Writing for the cranky, often nasty, and thankfully irrelevant anti-everything website antiwar.com, Raimondo simply makes up a lot of stuff about me that isn’t true. His mistakes (I hope they’re mistakes) are probably the product of some internal rage — a phenomenon I am hardly one to throw stones at, to be sure. Still, his gassy ravings against the hegemony of Upper West Side conservatives — sort of like whining about the Imperium of Jewish athletes — and his condescension toward people who disagree with him (he refers to me as “young Jonah” and asks if I think civilization in Africa means “A Zabar’s in Uganda”) are the kind of thing I’d expect from someone muttering to himself at the bus station.

Anyway, even if it’s pretty hard to take Old Raimondo seriously, the sentiment that America has no role in making the world a better place is of course a serious and legitimate one. After all, most of the founders would probably be horrified by my proposal, and that should make any conservative pause. But I’m not sure all the great conservative thinkers would be, and there are certainly some conservative religious thinkers — John Paul II, to name an obvious one — who would be very sympathetic. Still, I doubt that the Founders or any conservative worth his salt would be as cowardly as those people who simply hide behind the skirts of moral relativism or try to dismiss an idea by attacking its author (an old Communist trick, by the way).
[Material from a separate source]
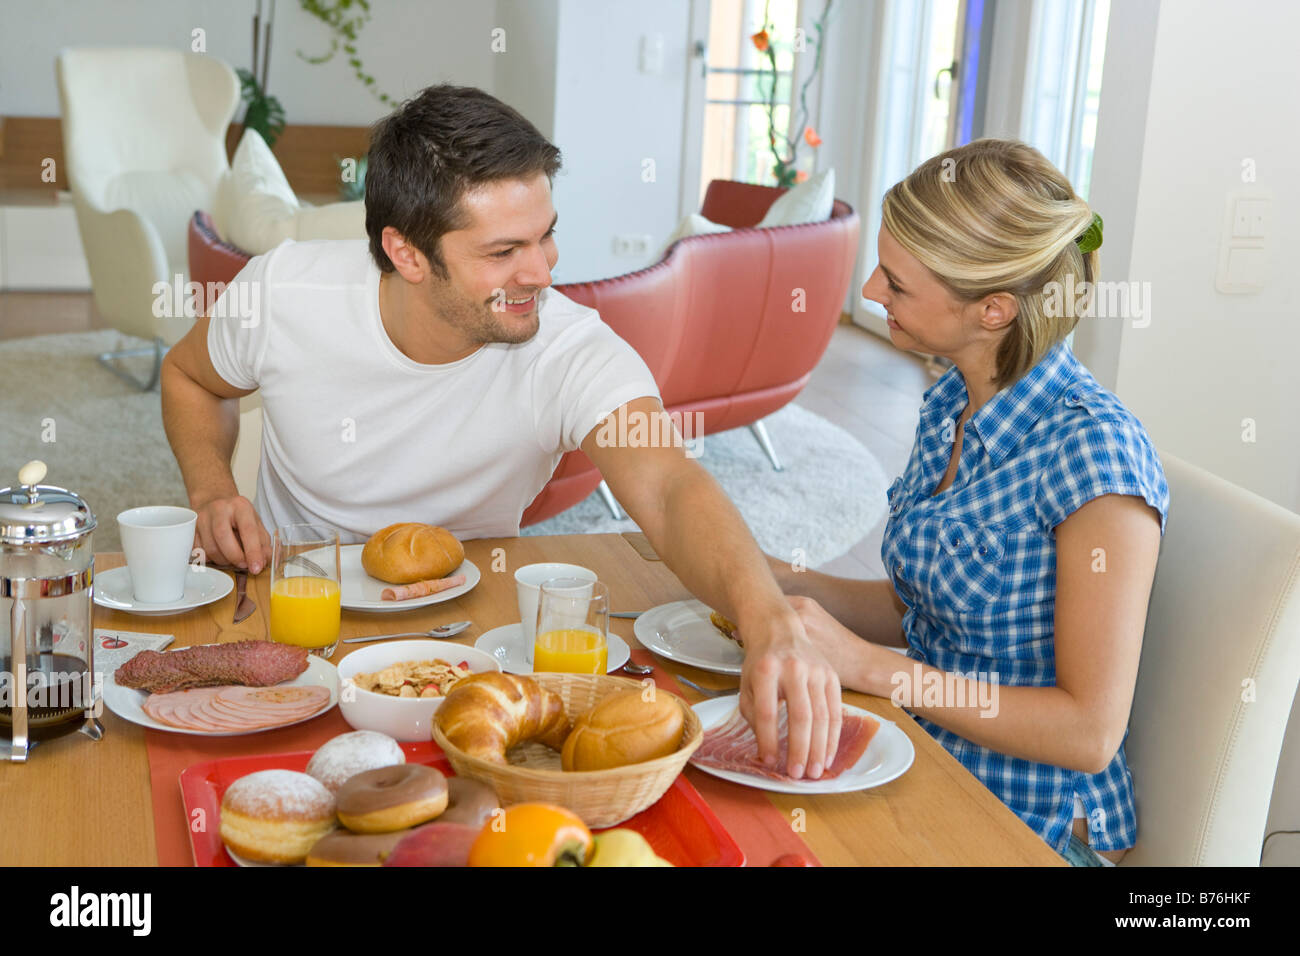 Paar beim gemeinsamen Fruehstueck, giovane avente insieme per la prima colazione Foto Stock

I have no problem with people who say Africa can’t be saved (they may be right). Or with people who say we shouldn’t try — if they are saying so because they think it can’t be done. But people who say they don’t want to do it simply because it offends their sensibilities or because they think Africans aren’t worth saving, well, shame on them.

Regardless, conservatism is not supposed to be against change or progress (I can quote you chapter and verse if you like). It is supposed to be skeptical of grandiose or reckless schemes which throw out the good in pursuit of the perfect. I have no illusions that Africa can be perfect; no place can be. But it would be nice if we tried to make it good.